C’est dire que le système rentier devient de plus en plus difficile à contrôler. Mondialisation oblige, les luttes intestines entre réseaux désormais concurrentiels se multiplient au sujet du partage des rentes.

De plus en plus instable, le système est secoué par de nombreuses crises(1). Des scandales politico-financiers retentissants se succèdent et touchent tous les secteurs- clés de l’économie.
Le premier d’entre eux concerne, dès 2003, le groupe financier et industriel Khalifa. Cet empire privé, monté en quelques années, s’effondre comme un fétu de paille dès la faillite spectaculaire de sa banque, le cœur du groupe. Des milliers de petits épargnants, de grandes institutions publiques, et même certains dignitaires du régime se sont fait piéger par les promesses d’une rémunération exceptionnelle pour leurs dépôts, assise, en fait, sur une immense « opération de cavalerie », les nouveaux dépôts permettant de rémunérer les précédents.
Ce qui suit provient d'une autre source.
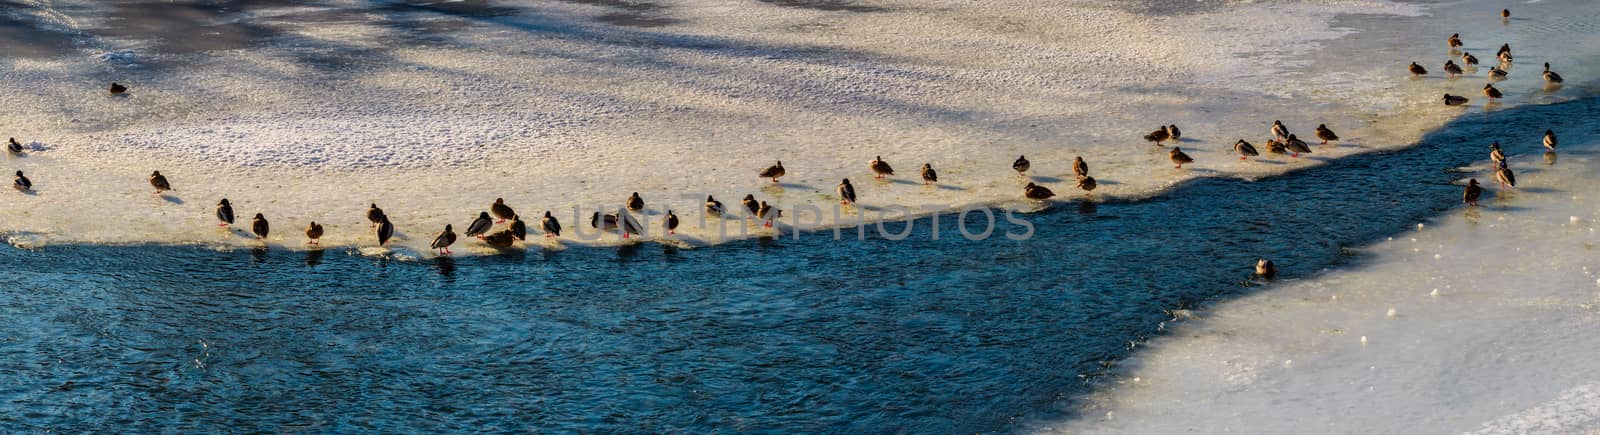 flock of ducks on the ice of frozen river by Pellinni

Ce faisant, la banque Khalifa « aspira » quelque 7 milliards d’euros dépensés et prêtés « sans discernement », sans respect des règles prudentielles, et sans contrôle des organismes de tutelle (dont la Banque centrale), à divers promoteurs fonciers et industriels plus ou moins transparents. Khalifa Airways, la compagnie aérienne du groupe sombre également. Le licenciement de quelque 65 000 employés du groupe prend alors l’effet d’une catastrophe nationale. Epargnants et licenciés n’ont plus alors que leurs yeux pour pleurer. Le procès qui suit cette affaire dure quatre ans, aboutit à de lourdes condamnations, dont celle, par contumace, du patron du groupe, arrêté en 2007 en Grande- Bretagne, mais toujours en attente d’extradition.
Le second scandale concerne le secteur-clé du système rentier, symbolisé par son entreprise phare : Sonatrach. Le scandale, qui éclate, en 2006, révèle l’âpre lutte qui se déroule dans le pays et au niveau international pour le contrôle de la manne pétrolière et gazière.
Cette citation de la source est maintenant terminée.